Step 3: Enter Your Password When prompted, type your TACC password. If this is your first time logging in, you may be required to set up or reset your password.

Step 4: Two-Factor Authentication TACC systems require two-factor authentication. Follow the on-screen prompts to complete the process.

Step 5: Request a Node If you try to download a Docker image right off the bat, your terminal will warn you!

(base) something$ idev -N 2 -n 2 -p rtx-dev -t 02:00:00

//explain what this means, the Flags This might take a while but you will know that you have successfully loaded into a node when your command line shows (base) some numbers and what not

Step 6: Load in Apptainer

(base) something$ module list

Currently Loaded Modules:
1) intel/19.1.1   4) autotools/1.2   7) hwloc/1.11.12  10) tacc-apptainer/1.3.3
2) impi/19.0.9    5) python3/3.7.0   8) xalt/2.10.34
3) git/2.24.1     6) cmake/3.24.2    9) TACC


(base) something$ module load tacc-apptainer

verify with:
(base) something$ type apptainer

apptainer is /opt/apps/tacc-apptainer/1.3.3/bin/apptainer

Step 5. Pull a Prebuilt PyTorch Docker Image

Instead of creating our own Dockerfile, we can use an official PyTorch image from DockerHub

Note

DockerHub is official cloud-based repository where developers store, share, and distribute Docker images.

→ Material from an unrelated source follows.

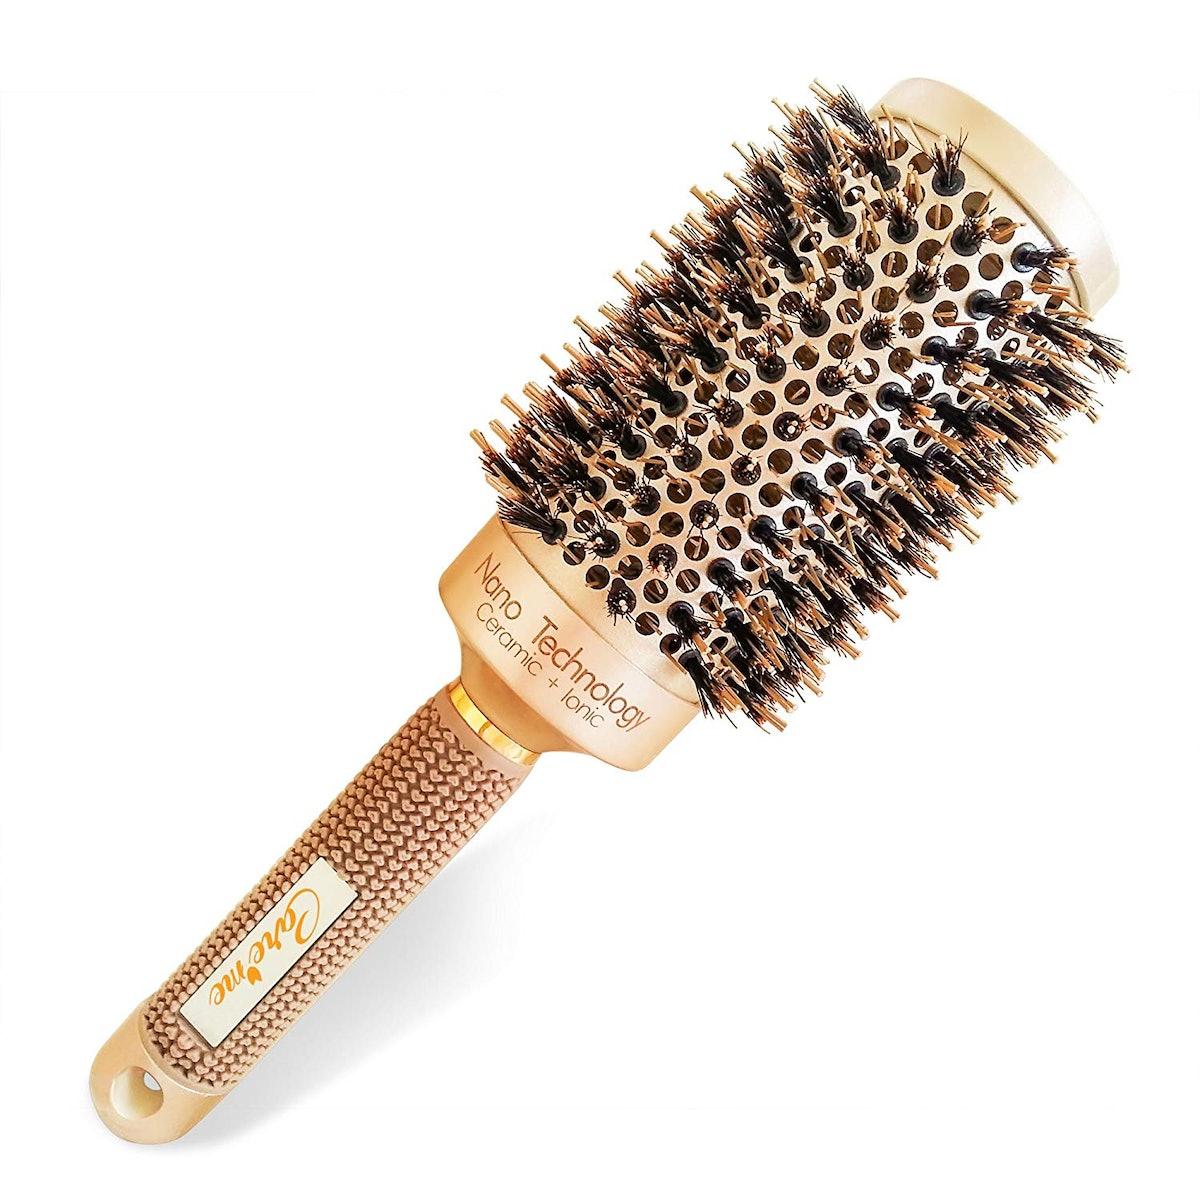 CareMe Boar Bristle Hairbrush

Similar to GitHub but for Docker containers.

Run the following command to pull the latest PyTorch image with CUDA support.

apptainer pull output.sif docker://pytorch/pytorch:2.5.1-cuda12.4-cudnn9-devel

This will download the image and convert it into an Apptainer image format (.sif). You can replace “output.sif” with whatever you would like to name the file. Otherwise it will default to the name of the image.

Note

CUDA is an API that allows software to utilize NVIDIA GPUs for accelerated computing. This is essential for deep learning because GPUs process tasks much faster than CPUs. Since TACC machines have NVIDIA GPUs, we must use a CUDA-enabled PyTorch image to fully leverage GPU acceleration.

Step 7. Start an Interactive Apptainer Shell

Once the image is downloaded, we can enter the Apptainer shell by:

(base) something$ apptainer shell output.sif

Now we are in our own isolated environment free to do whatever we would like with it.

Step 8. Testing it Out

Once inside the container, switch over to your $SCRATCH directory and install this script.

(base) soemthing$ git clone https://github.com/pytorch/examples.git

(base) something$ torchrun --nproc_per_node=4 examples/distributed/ddp-tutorial-series/multigpu_torchrun.py 50 10

Step 9: Verifying the Script Execution Once you’ve executed the script, you can check the output directly in your terminal. If there are any issues or errors, they will be displayed in the terminal.

Conclusion

You have now successfully pulled a PyTorch image from Docker Hub, mounted local directories into the container, and run a Python script within an Apptainer container.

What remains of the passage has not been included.